Throughout the financial crisis we took the decision that Nationwide could not afford to stand still; not only did we
need to grow our business, we recognised that we needed to overhaul and replace many of our core technology systems in order to provide members with access to improved products and services. This has involved significant expense and commitment, but our members are now seeing the benefits. The most obvious example was the delivery of our new core banking system, which has allowed us to expand our range of banking services and accounts, putting us in an even stronger position to offer members an alternative to the established banks.

However, the pace of change is speeding up, with the take up of digital services spreading and companies from all sectors reshaping their business models to meet growing demands from customers. The financial services sector is no exception, with customers now using a whole range of mobile and digital devices to buy new products and service their accounts. We have already invested heavily in providing digital services to our members, with ongoing developments to our online bank, our mobile banking app and a totally revised website, and we will continue to do so in the coming years.
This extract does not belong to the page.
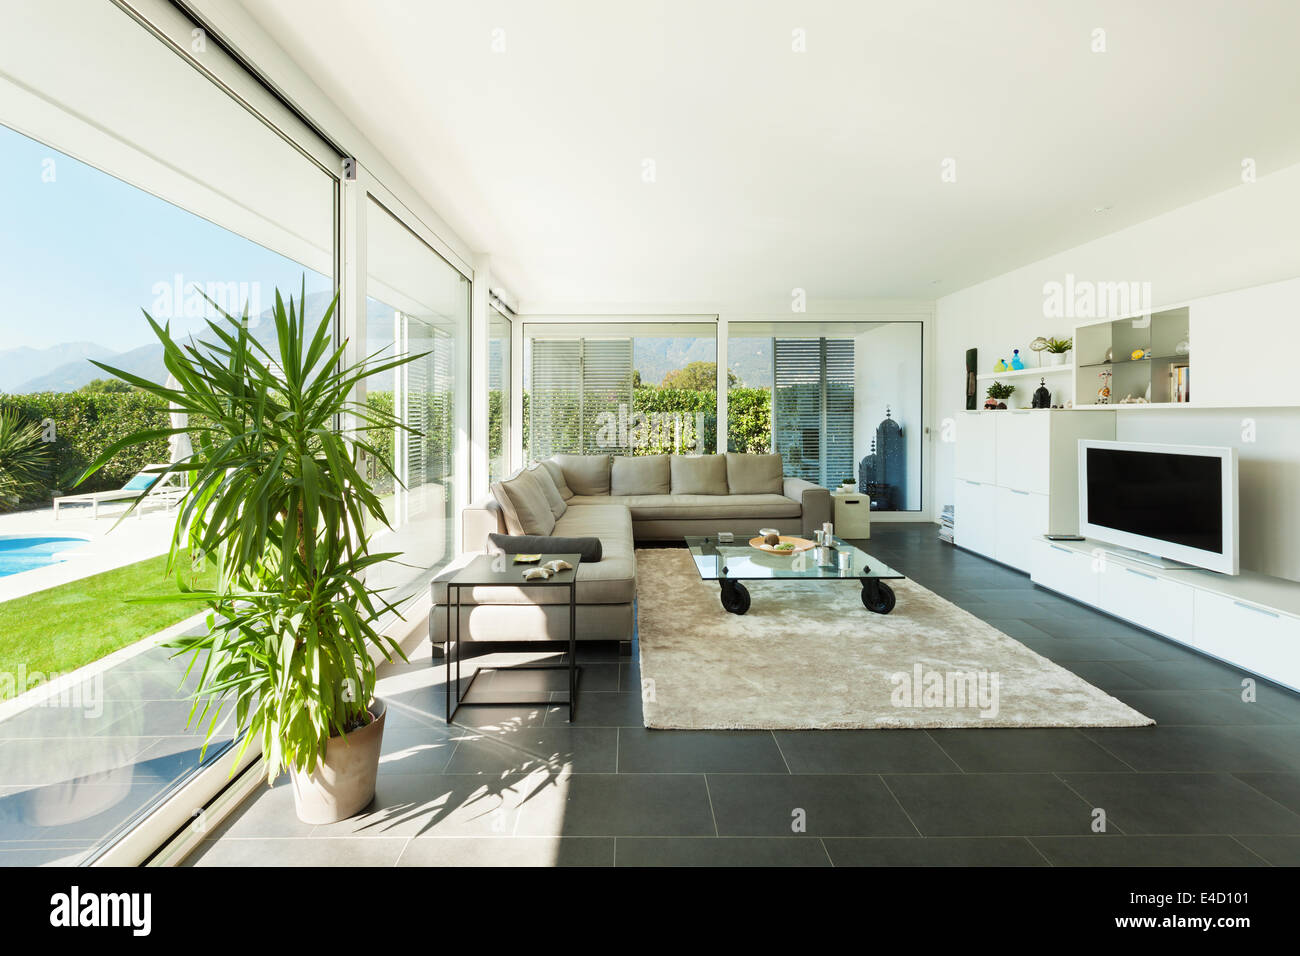 Moderne Villa, Interieur, schöne Wohnzimmer Stockfotografie - Alamy

In order to remain successful we will embrace the digital world, aiming to delight new and existing members through the quality of our products and services.

Clearly technology matters but above that, Nationwide has engaged its employees far better with a jump in engagement metrics from 68% to 77% in the 2013-14 period. so in one sense, while I may pillory GMC for its broad brush statements, we have clear evidence across customer and financial metrics that digital transformation is not only good for customers, it is good for business.

How about the US?

Is all of this a UK phenomenon. In part. Over in the US, things are not much better with an unsurprising emphasis on security issues. This for example on finding the balance between trust and security:

Recent independent research commissioned by Ping Identity discovered that more than a third of customers would abandon their bank altogether for an experience that combined both security and convenience. Furthermore, only 28.7 percent of respondents described themselves as 'very loyal' to their bank. Banks are clearly walking a fine line with their customers...

...More than ever, CIOs and IT managers at retail banks need to re-examine their existing security strategies to keep their customers’ data safe. Banking customers are well aware of this, with only 22.5 percent of respondents saying they viewed access to their account as 'very secure'. These findings are particularly alarming considering that 81.5 percent of respondents use online banking, with eight in ten stating that secure access to online banking was imperative.

And let's not forget that mundane issues like chip and pin have yet to hash out in the US. Having said that, when I attended Tableau's user conference, Wells Fargo talked extensively about how they are getting hold of many types of data and aggregating them to better understand the customer journey. The shape of things to come? Perhaps.

My take

  • There are clear threats to the established order. The fact a relatively small 'bank' like Nationwide can come out on top in consumer surveys is astonishing made more so by the fact that otherwise leading brands that regularly advertise are nowhere to be found on the Which? list. As I am fond of saying: all empires fall - eventually.
  • Technology is critical but it isn't a panacea. Thinking strategically is much more about customers and people first. The days of cost cutting because you can are gone.
  • Let's not forger the competitive pressures from services such as PayPal, and, potentially the blockchain inside Bitcoin. Let's also not forget that as regulation seeks to find ways to prevent a repeat of the banking bailout, that technology disconnects are exposing some major problems with mundane topics such as sort codes.